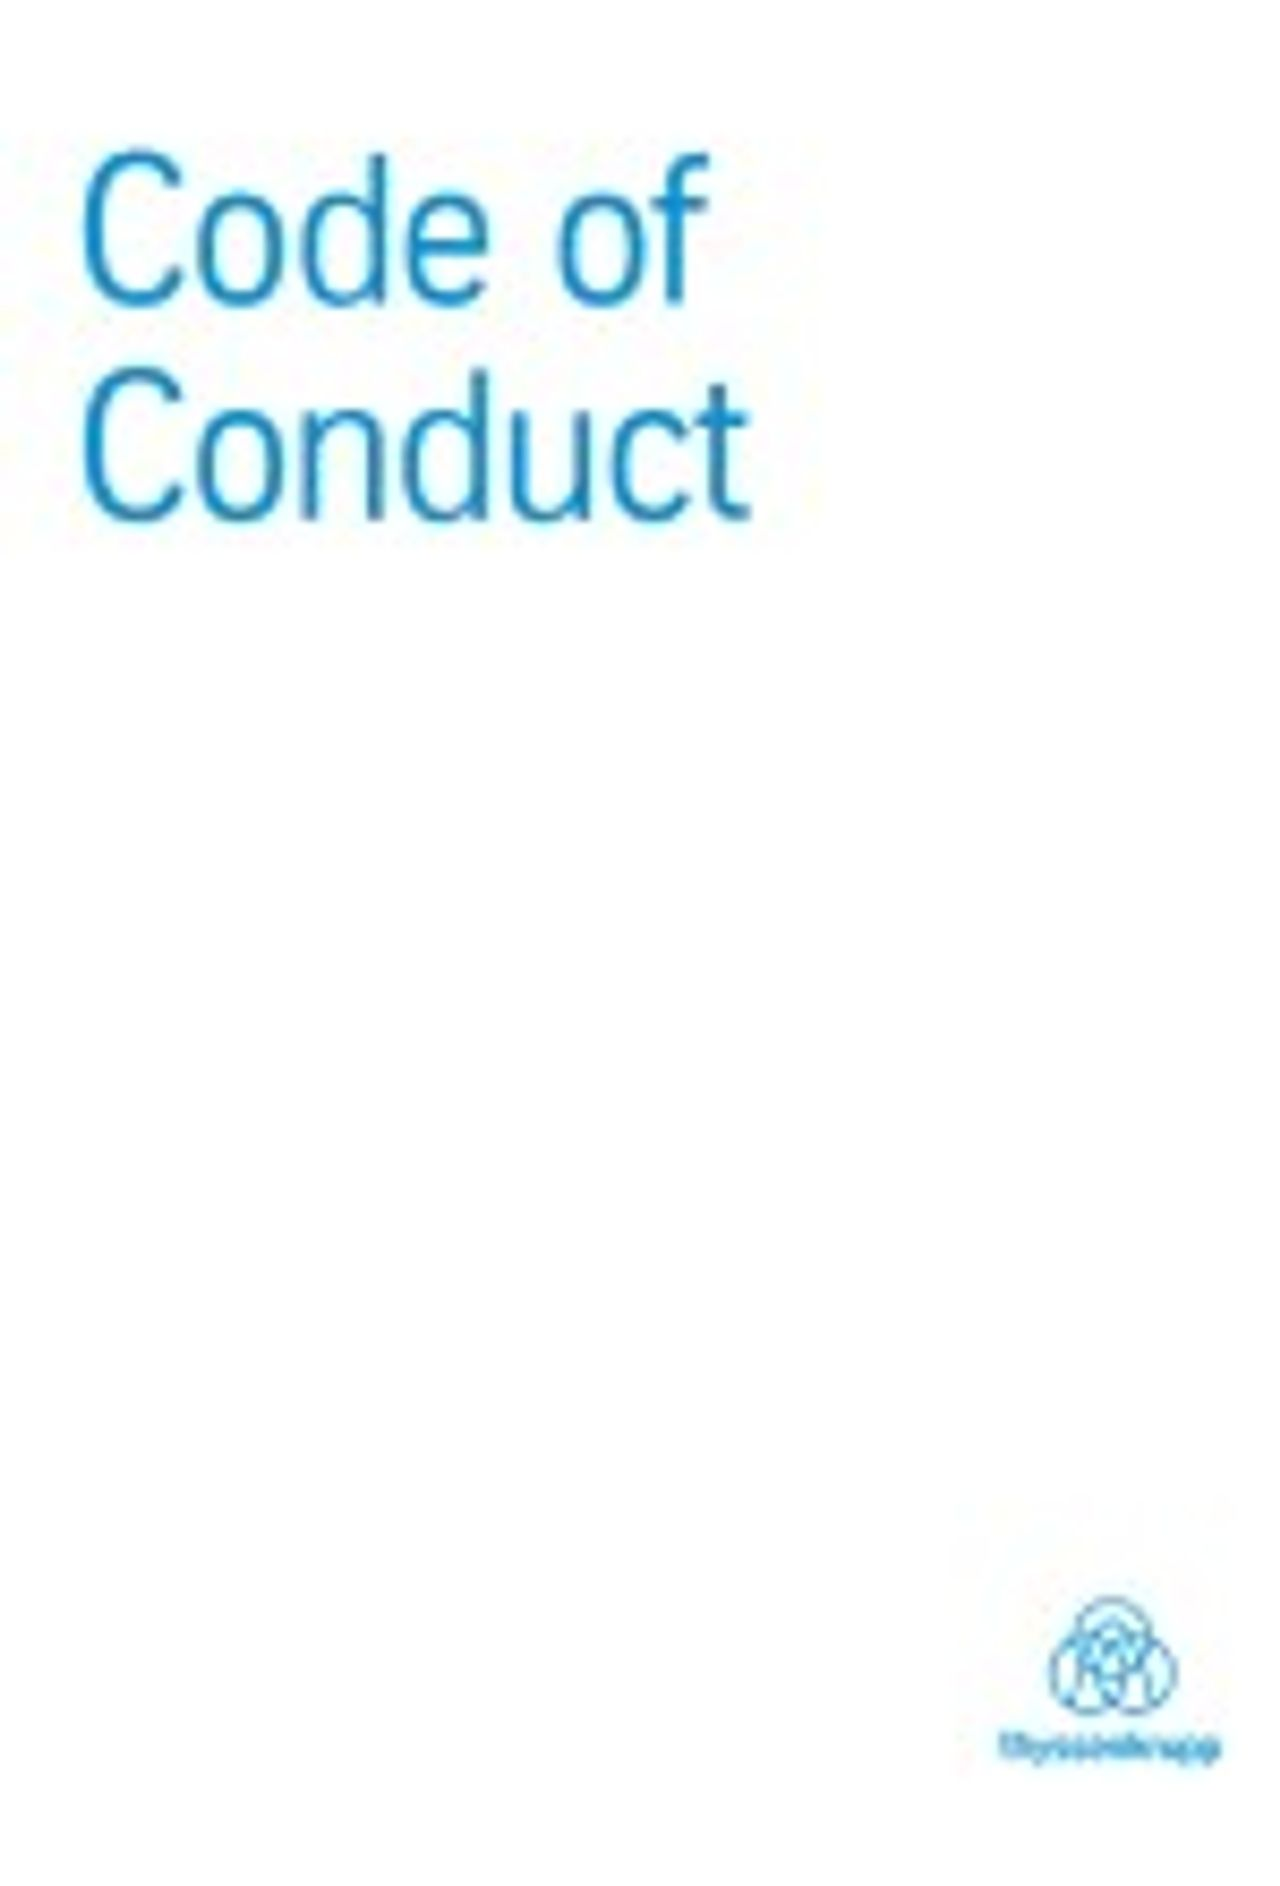 thyssenkrupp sustentabilidade colaboradores empregador responsável código de conduta download pdf
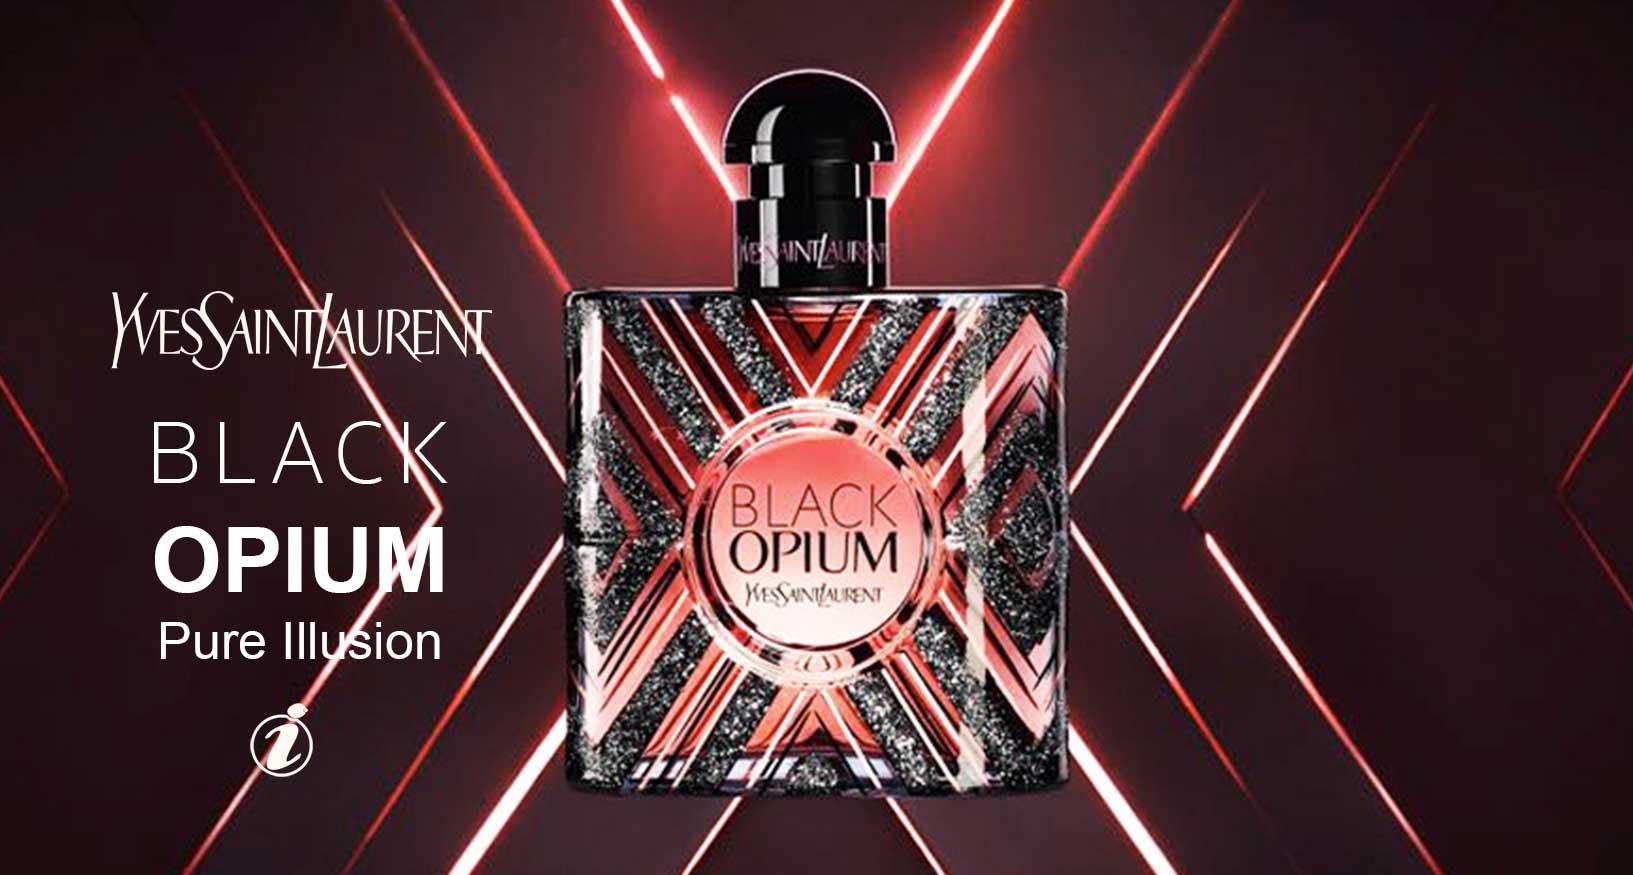 Yves-Saint-Laurent-Black-Opium-Pure-Illusion
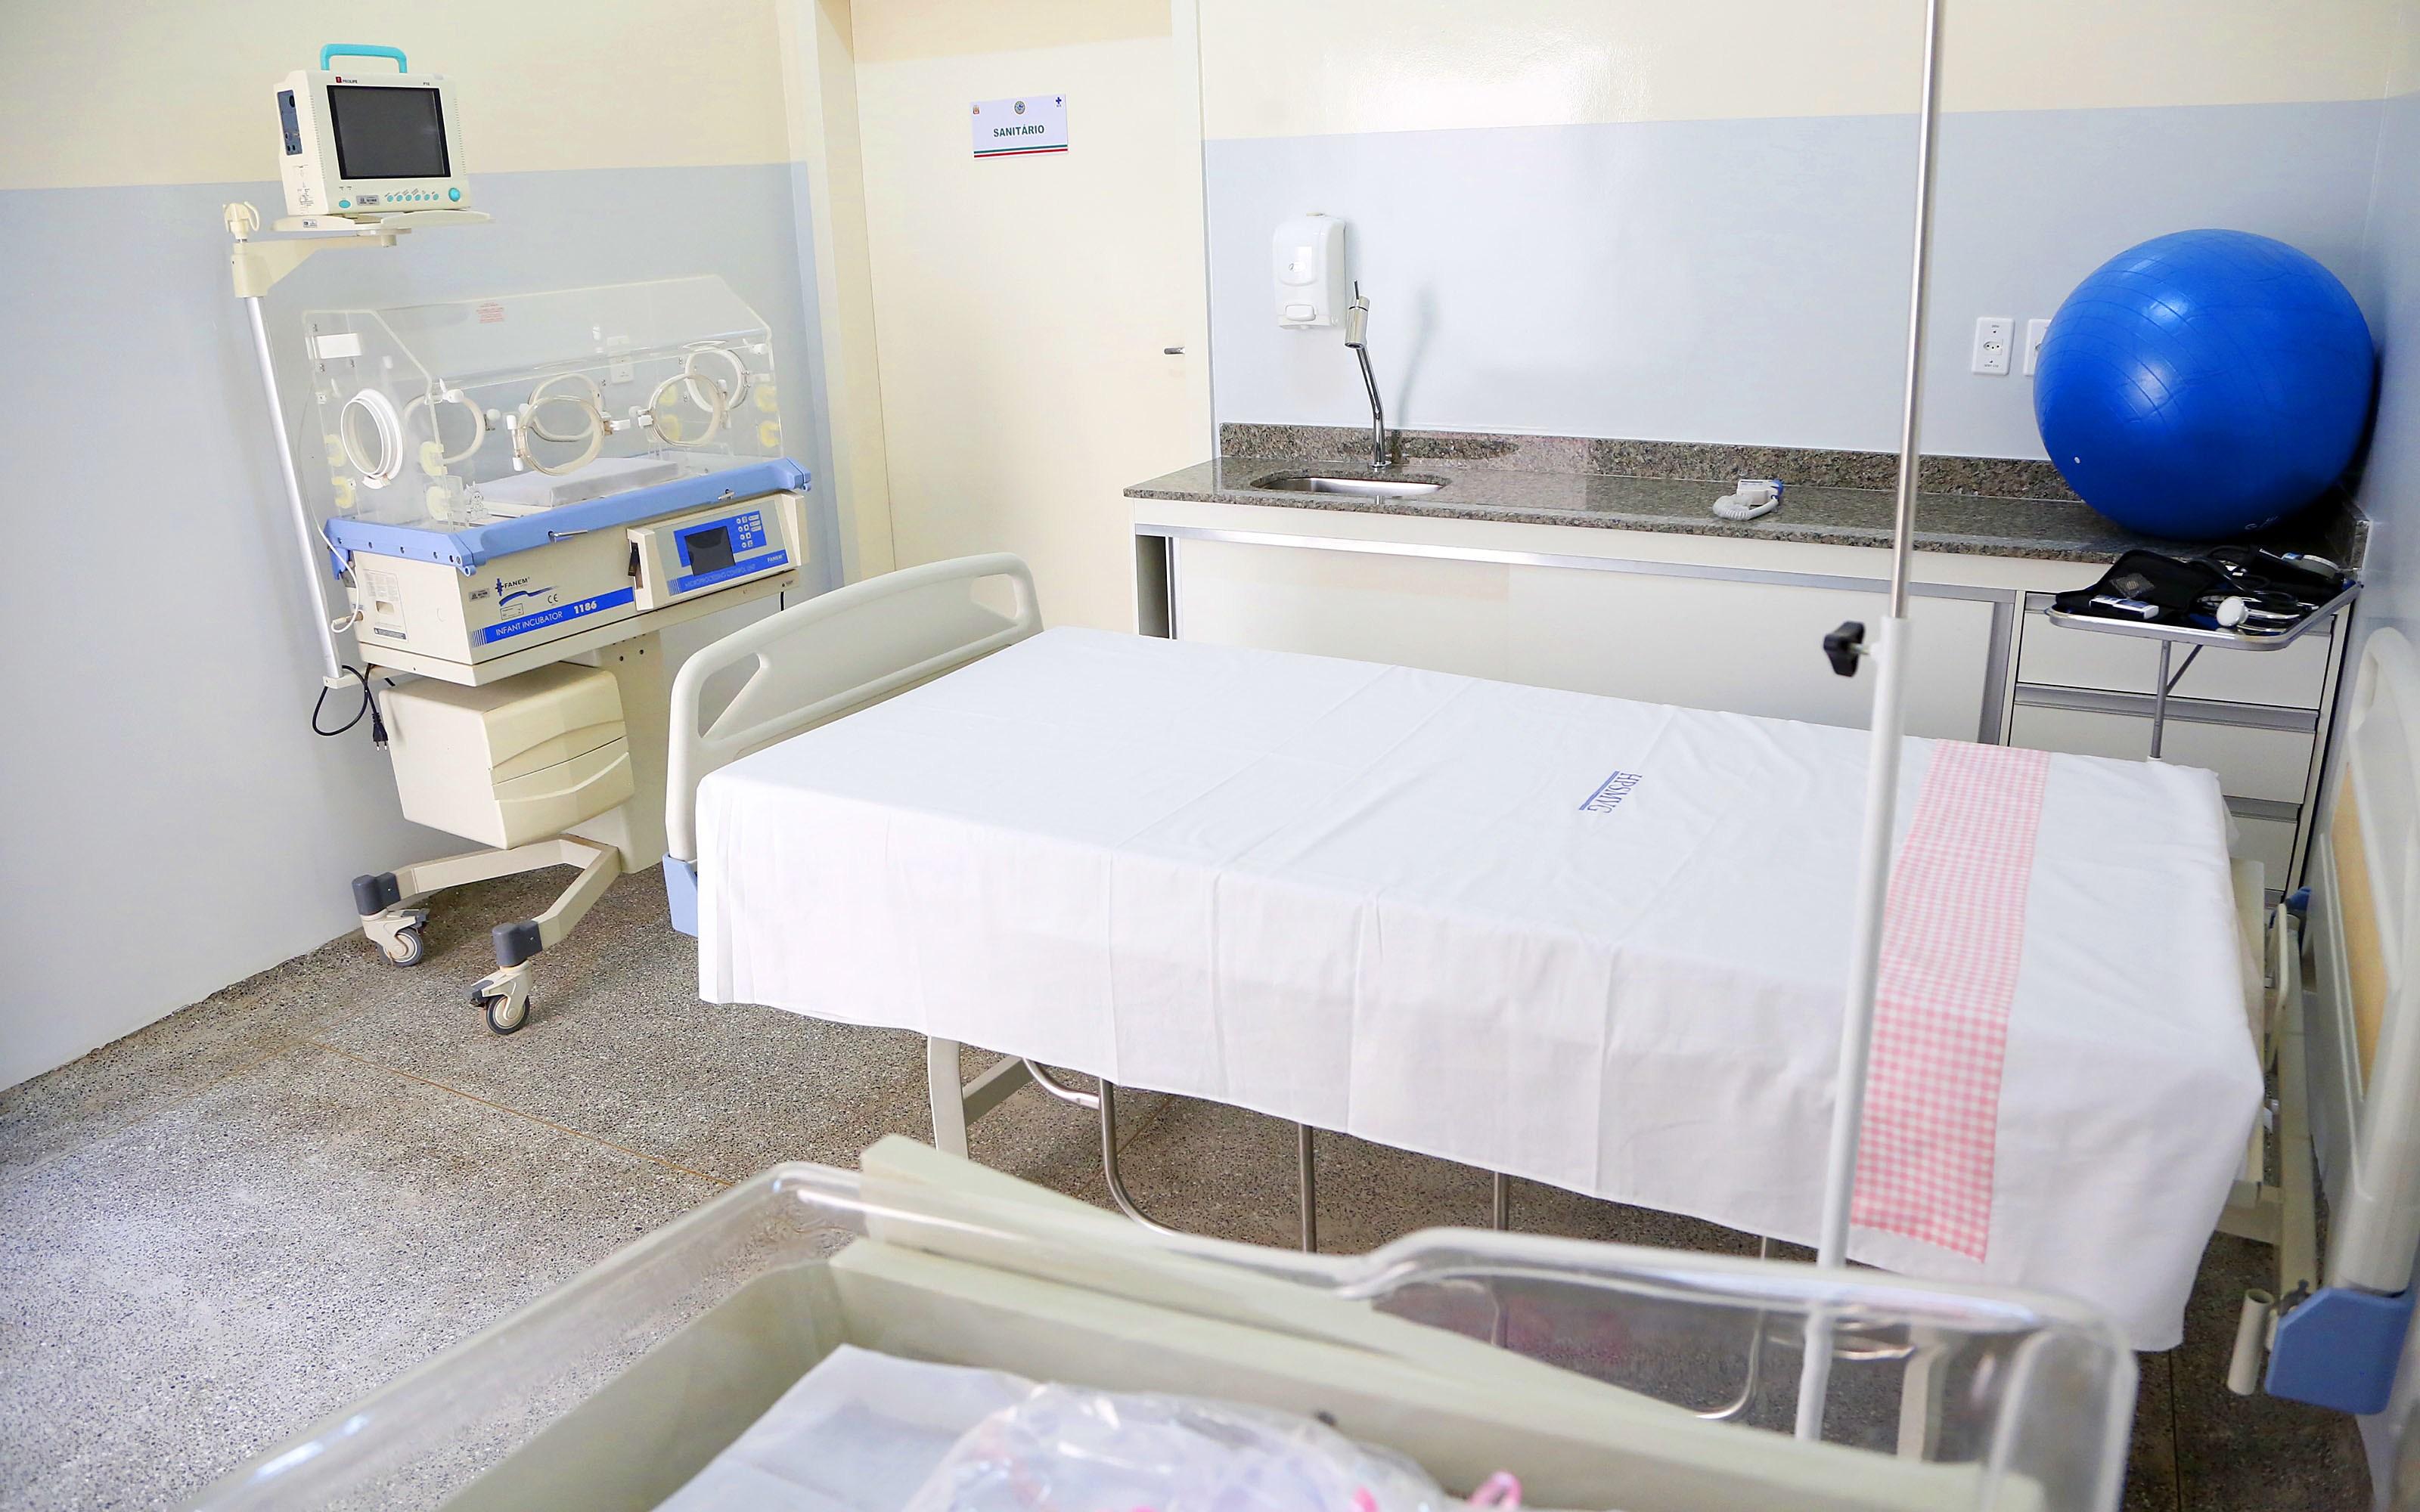 Prefeita anuncia pacote de obras na Saúde com investimentos de R$ 25 mi
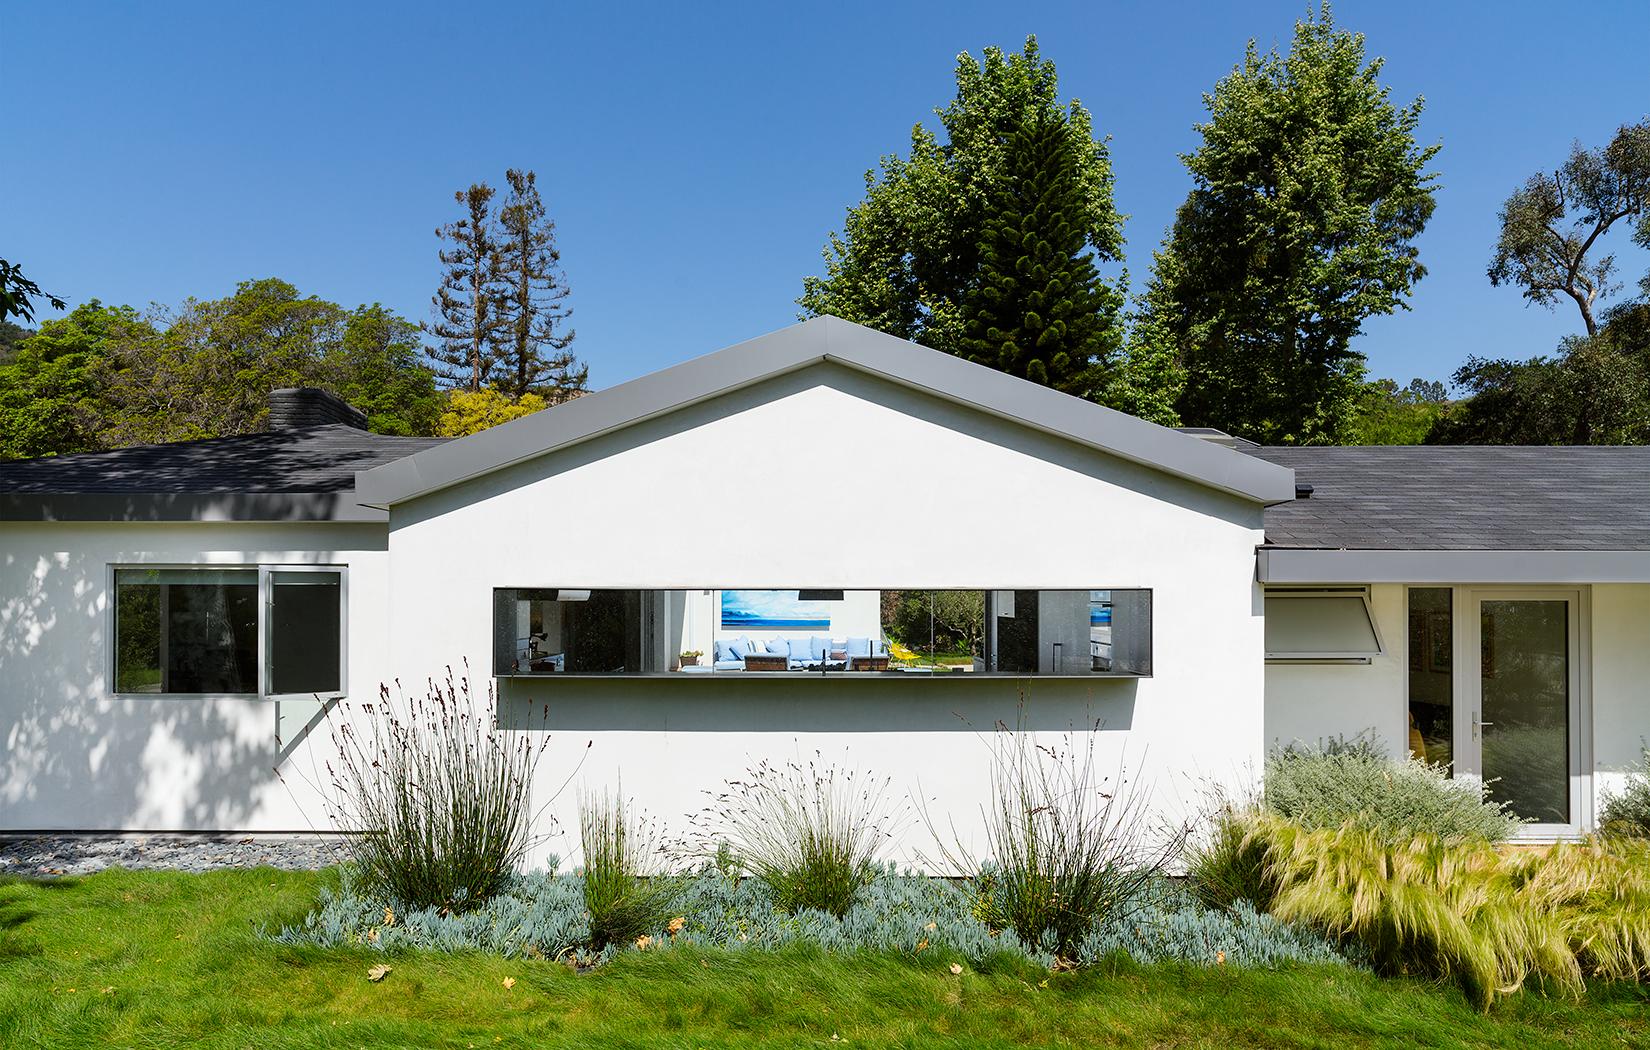 Exterior facade of a Bel Air ranch-style home

:::::

## PROBLEM
Could the listing above be transcribed exactly, with the pictures left out?

## SOLUTION
 thyssenkrupp sustentabilidade colaboradores empregador responsável código de conduta download pdf
 Yves-Saint-Laurent-Black-Opium-Pure-Illusion
 Prefeita anuncia pacote de obras na Saúde com investimentos de R$ 25 mi
 Exterior facade of a Bel Air ranch-style home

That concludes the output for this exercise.